> [What to work on]: Images are not part of the copy; write out the rest of the data exactly as given.

--- Material provided ---

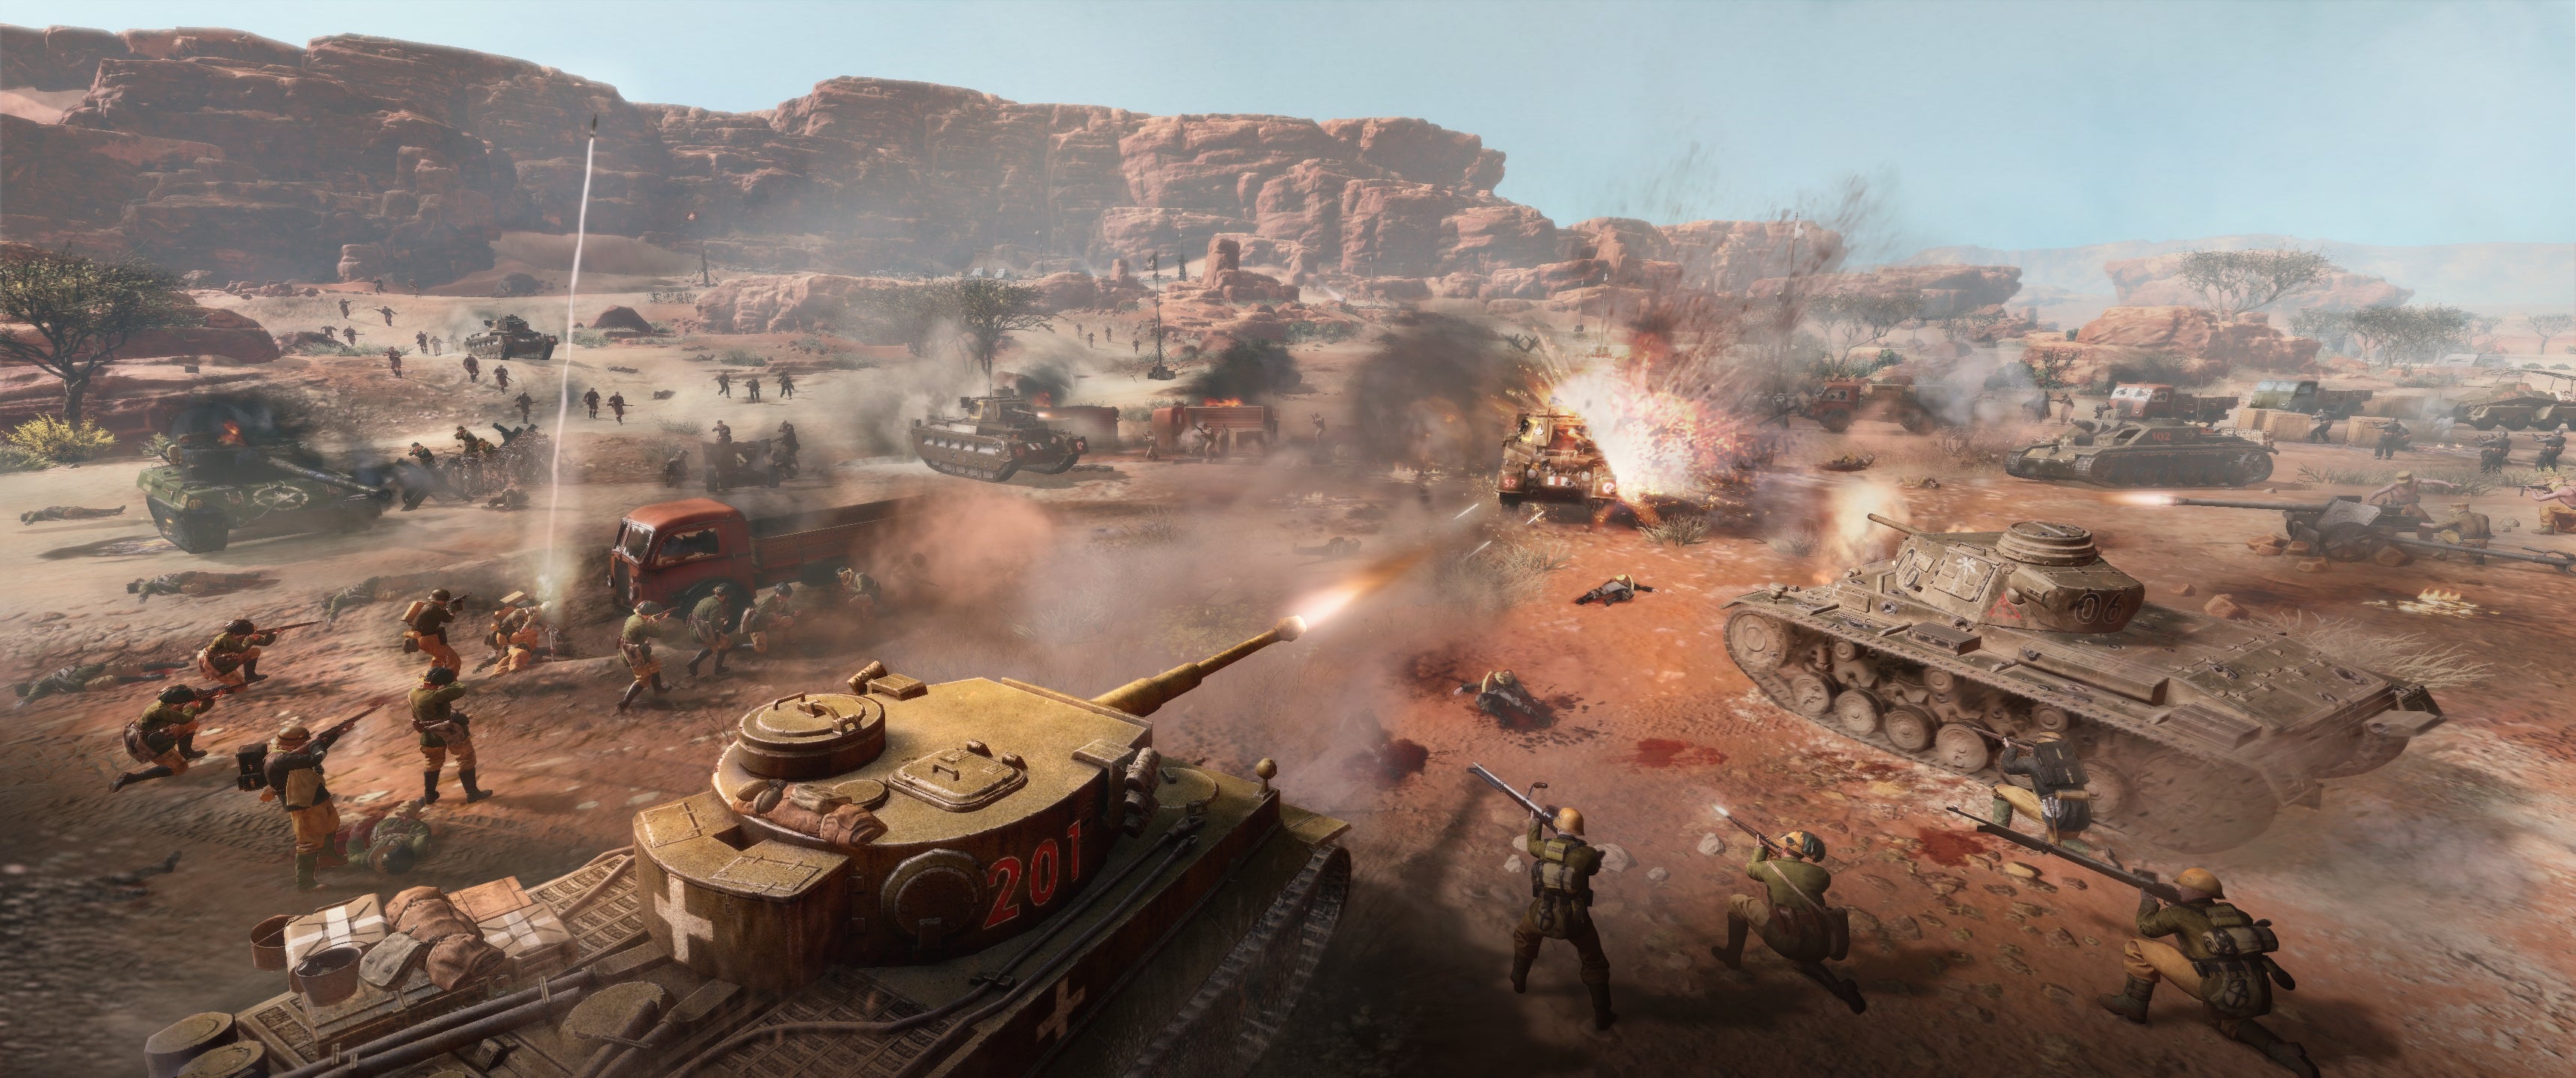 Pratinjau Company of Heroes 3 - bidikan aksi perang tank yang diedit dan Konvoi Campbell di padang pasir
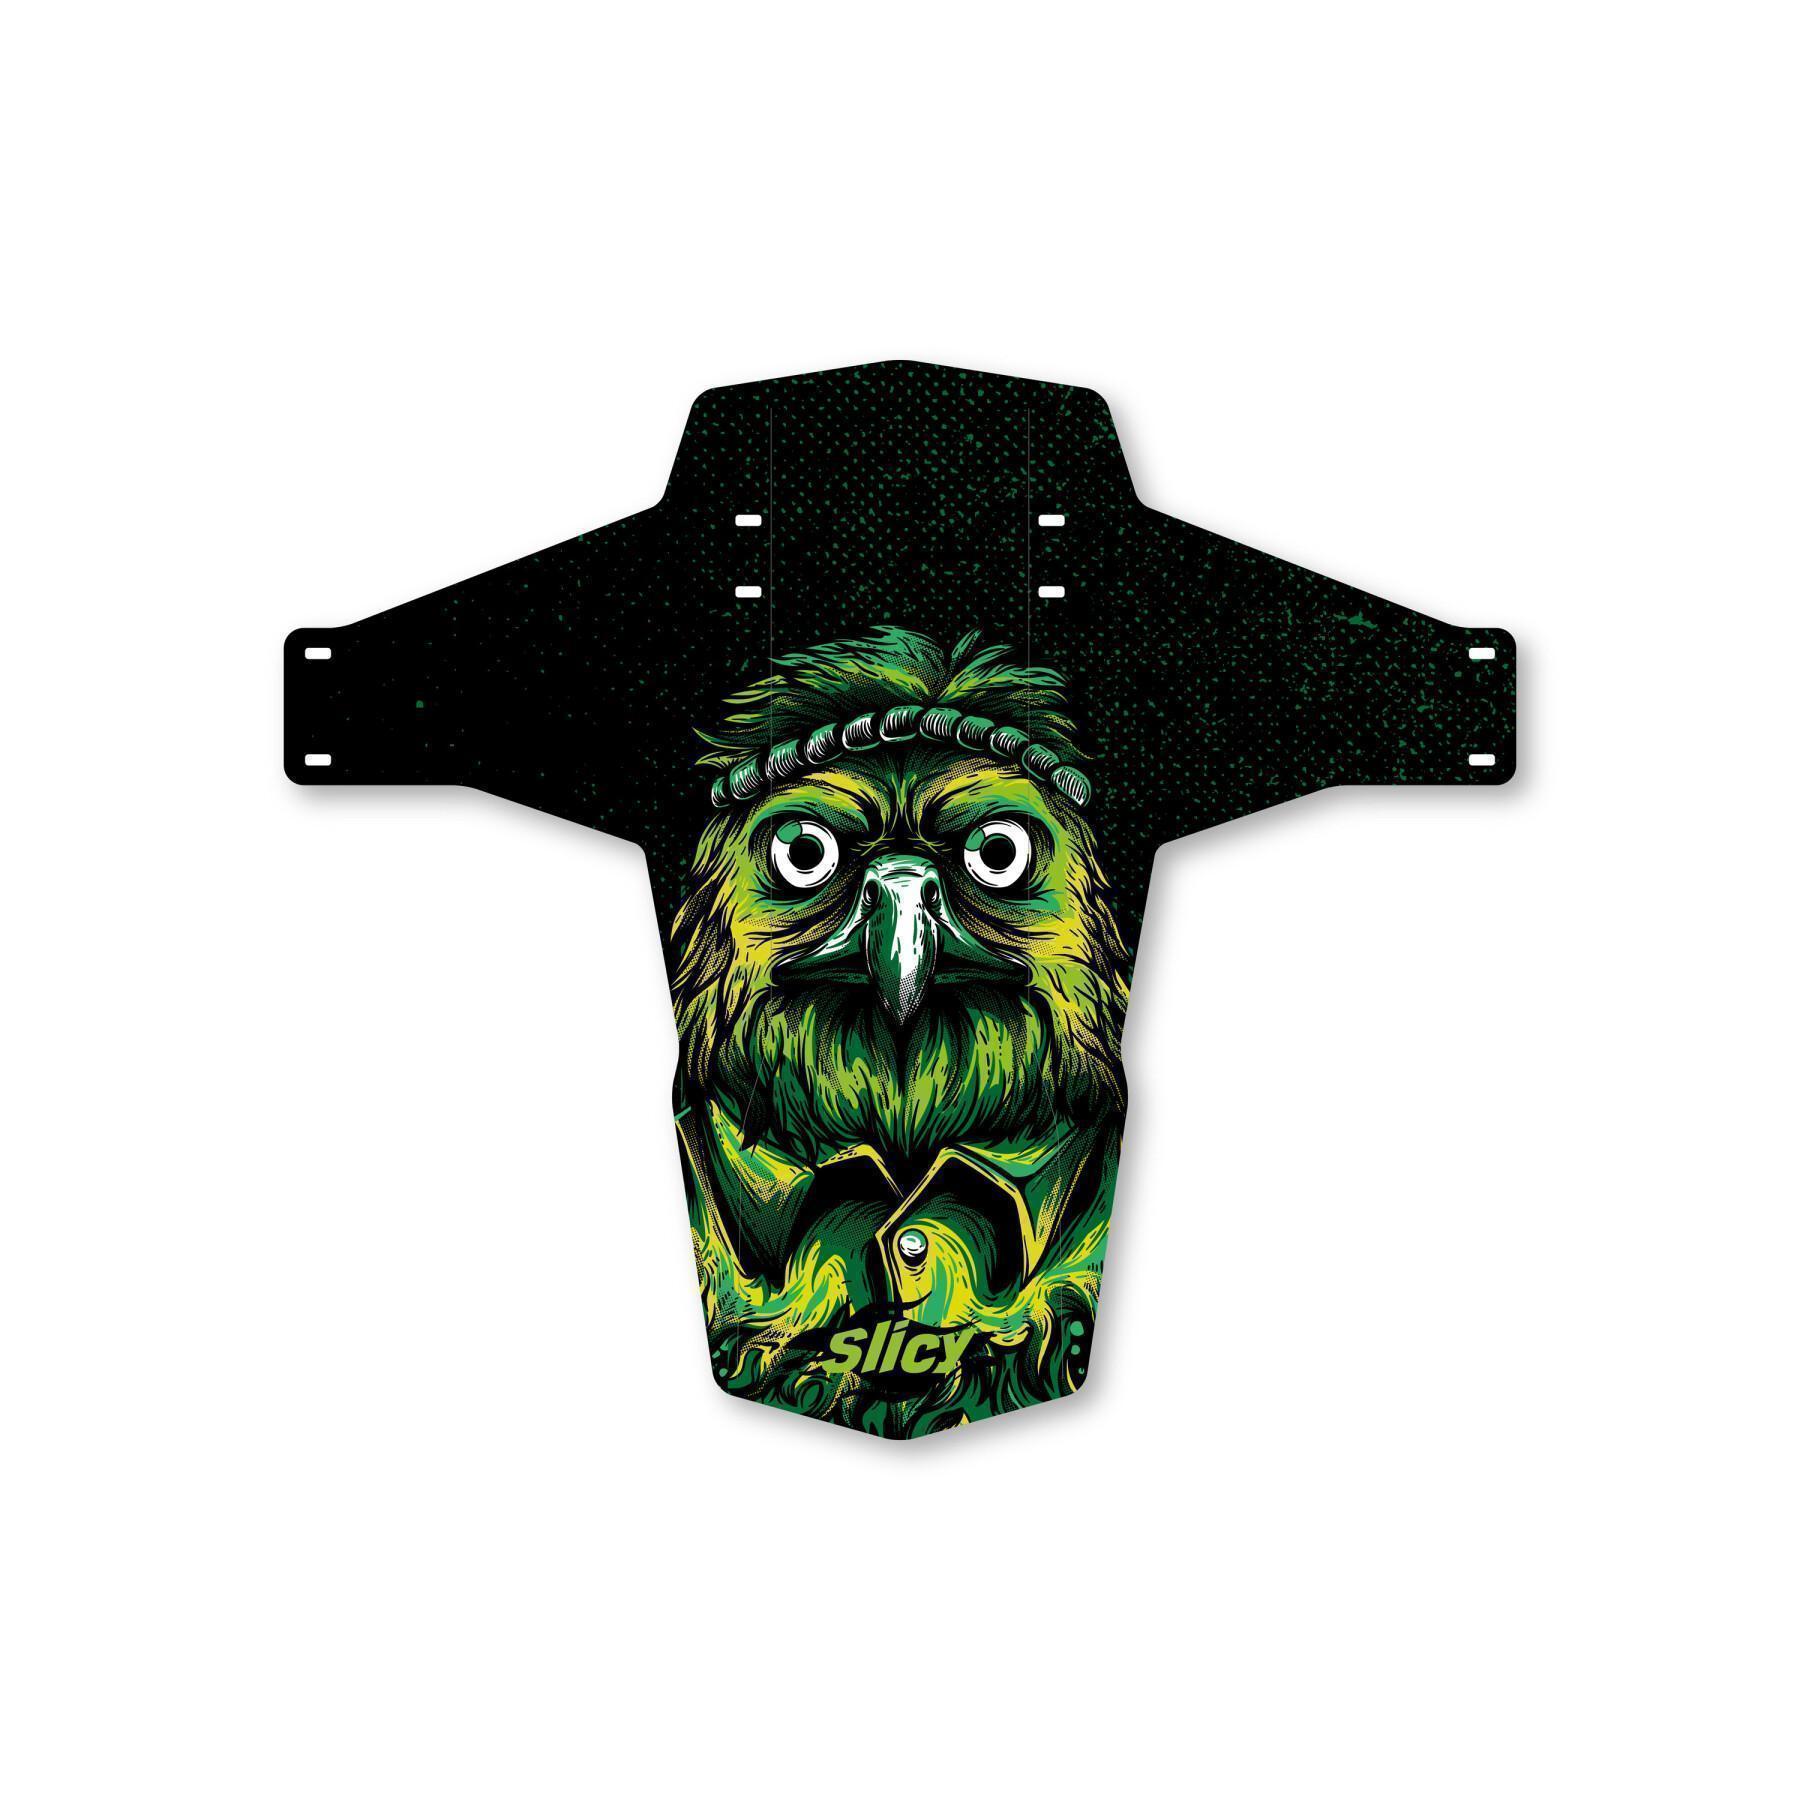 Mudguard Slicy Enduro/DH Mr Owl
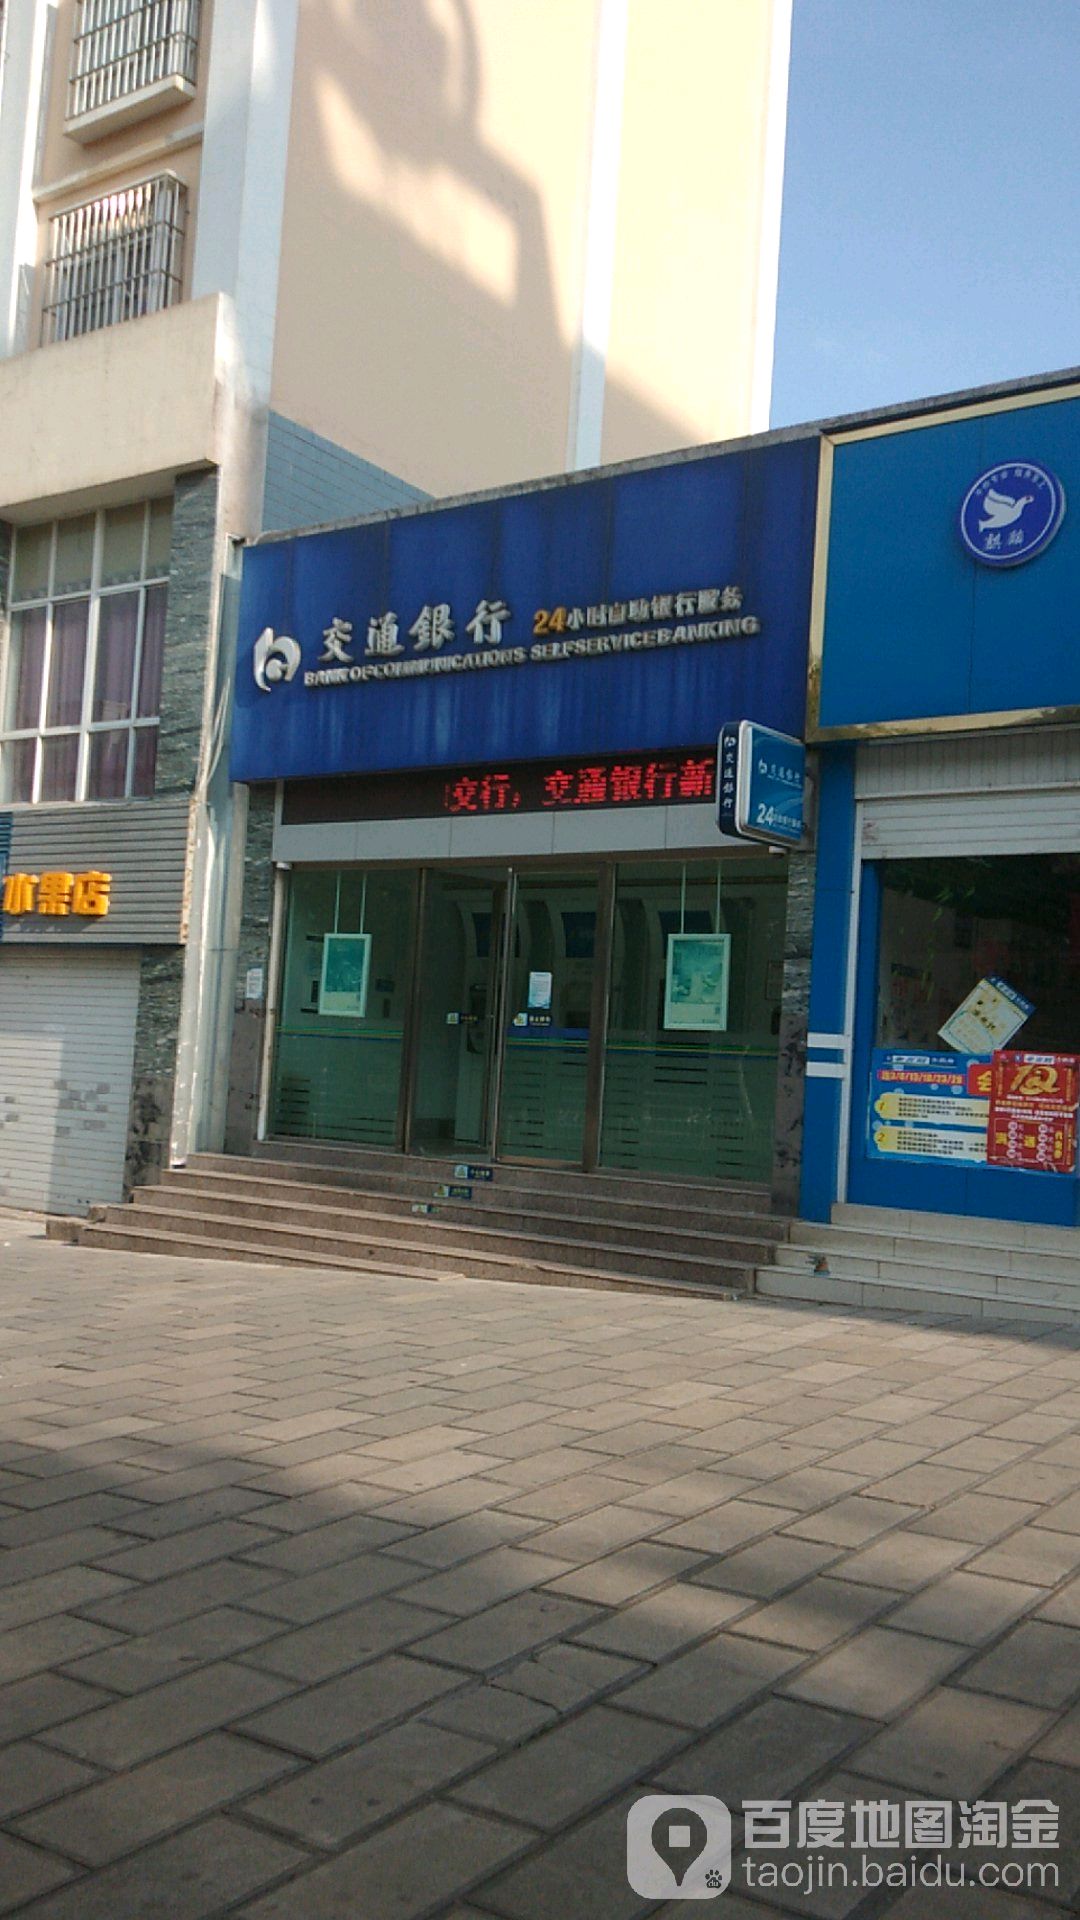 交通銀行24小時自助銀行服務(麒麟東路店)

---

> [Written solution]:
 Pratinjau Company of Heroes 3 - bidikan aksi perang tank yang diedit dan Konvoi Campbell di padang pasir
 Mudguard Slicy Enduro/DH Mr Owl
 交通銀行24小時自助銀行服務(麒麟東路店)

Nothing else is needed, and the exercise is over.